[LEAPSECS] Java: ThreeTen/JSR-310

Stephen Colebourne scolebourne at joda.org
Fri Jan 28 14:26:15 EST 2011


On 28 January 2011 18:34, Steve Allen <sla at ucolick.org> wrote:

> On Fri 2011-01-28T18:03:07 +0000, Stephen Colebourne hath writ:

>> JSR-310 addresses the definition of 1970-01-01Z (by defining the

>> TAI-UTC gap as fixed at 10 seconds prior to 1972.

>

> This is pointless silliness.  This is defining a time scale which did

> not exist and presuming that it can be used for something practical.

> It cannot.

>

> For any precision purposes TAI and UTC did not exist before

> 1972-01-01.  TAI only got its name in 1971, and the only way to access

> it prior to 1972-01-01 was by painstaking tabular lookup of the

> offsets of the time signal used for a time stamp.

>

> Until that instant the UTC being broadcast by the Soviet Union (and

> other stations) differed from other broadcasts by milliseconds.  I can

> go over to the library and find the BIH Circular with the exact

> number, but it was not small.

>

> Before 1972 the only practically available time scales were nebulously

> synchronized versions of UT.  Those are measures of earth rotation,

> suitable for subdividing the days of the calendar.  Presuming that

> they are suitable for any other purpose, or defining a general-purpose

> scheme to make use of them for precision purposes, is a mistake.

>

> All proleptic time scales are dangerous, for in the absence of a

> contemporary authority to define what they were, any one

> interpretation is likely to differ from another.


Yep, its pointless.
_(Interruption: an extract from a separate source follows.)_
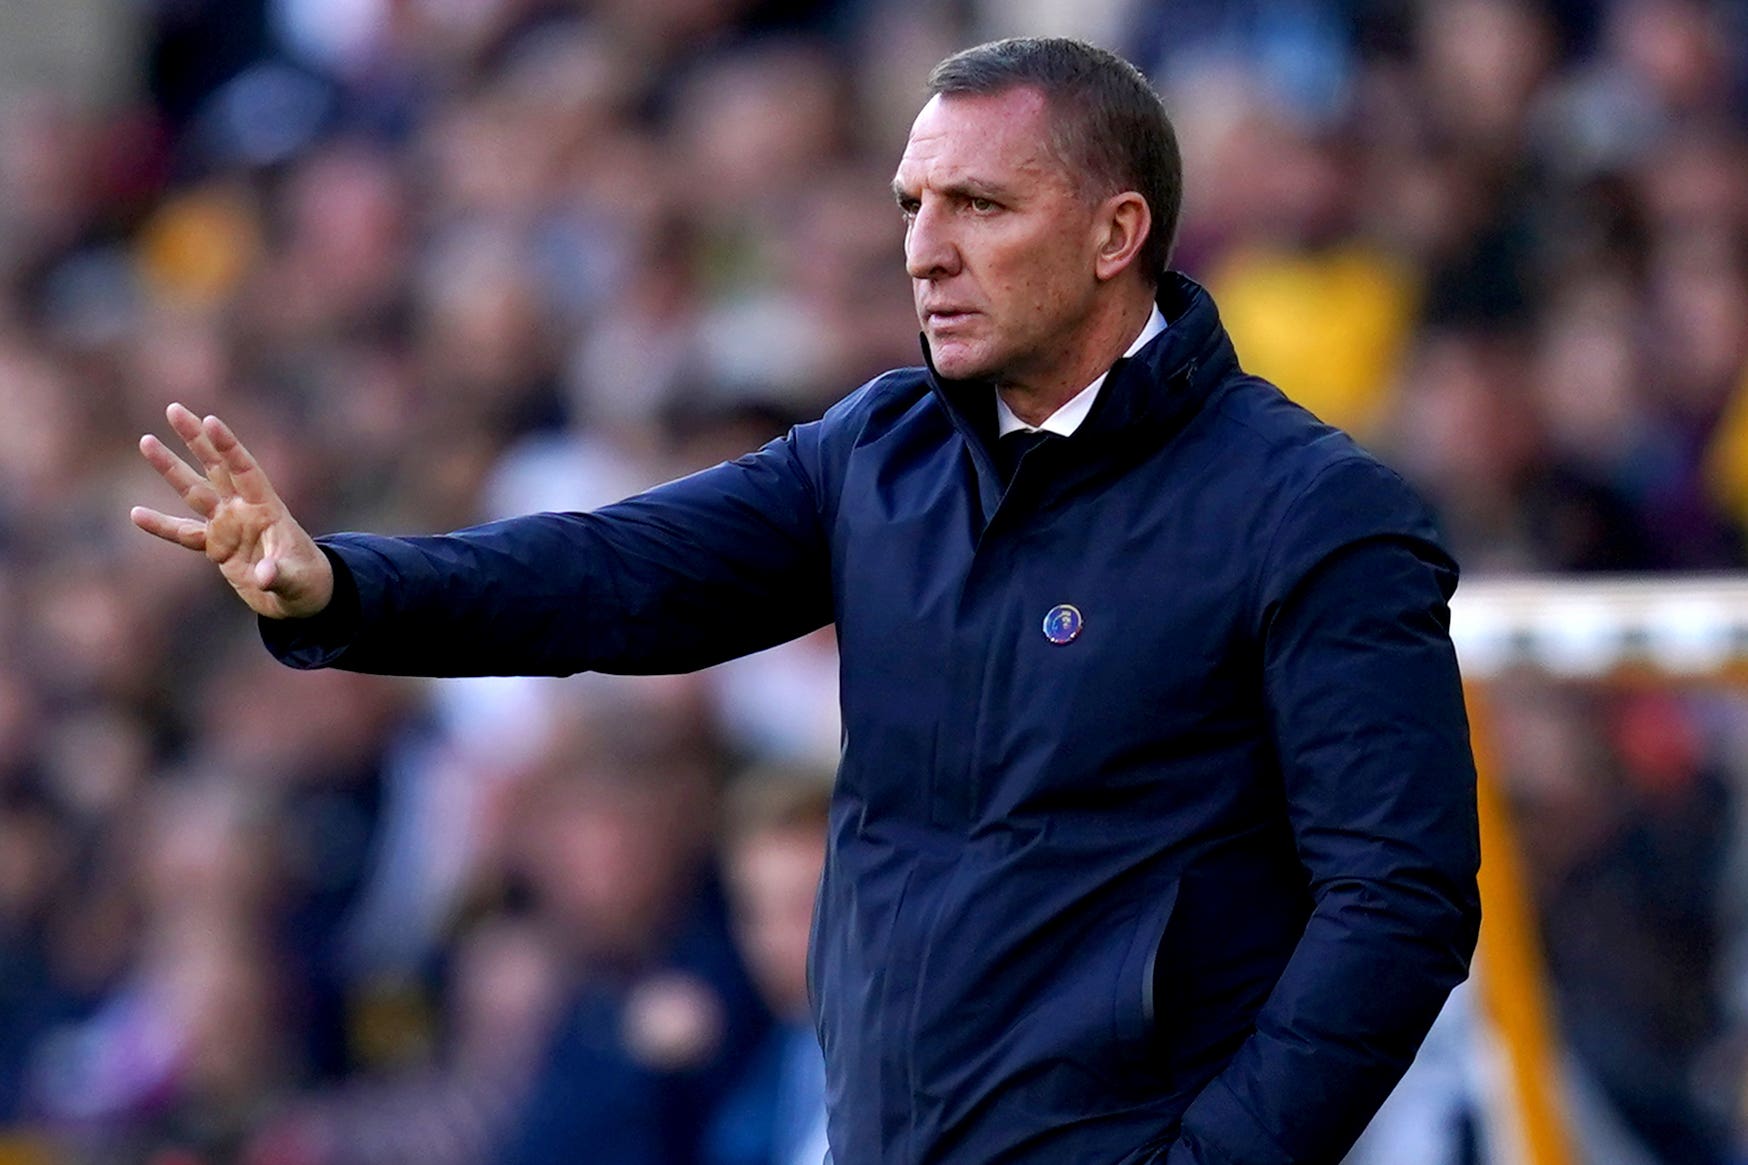 Leicester boss Brendan Rodgers is wary of suffering an upset (Nick Potts/PA)

But also essential.

In the same way, JSR-310 allows you to define an instant at nanosecond
precision beyond the age of the universe. Pointeless, but essential.

The decisions taken for a *usable* software library are going to be
different from those taken for detailed scientific applications.

This definition means that, if anyone happens to ask, JSR-310 can
clearly state what the meaning of any point in time actually is in the
past. Now, that doesn't mean that the definition needs to correspond
with historical reality of whether TAI/UTC actually meant that or not
pre-1972. It just has to be defined clearly enough to be defined.

I'm not expecting this group to like the definition, just to
understand why its necessary, Of course, it might be that some
additional clarification text is needed, but a Java developer doesn't
really want a treatise on the historical messiness of time!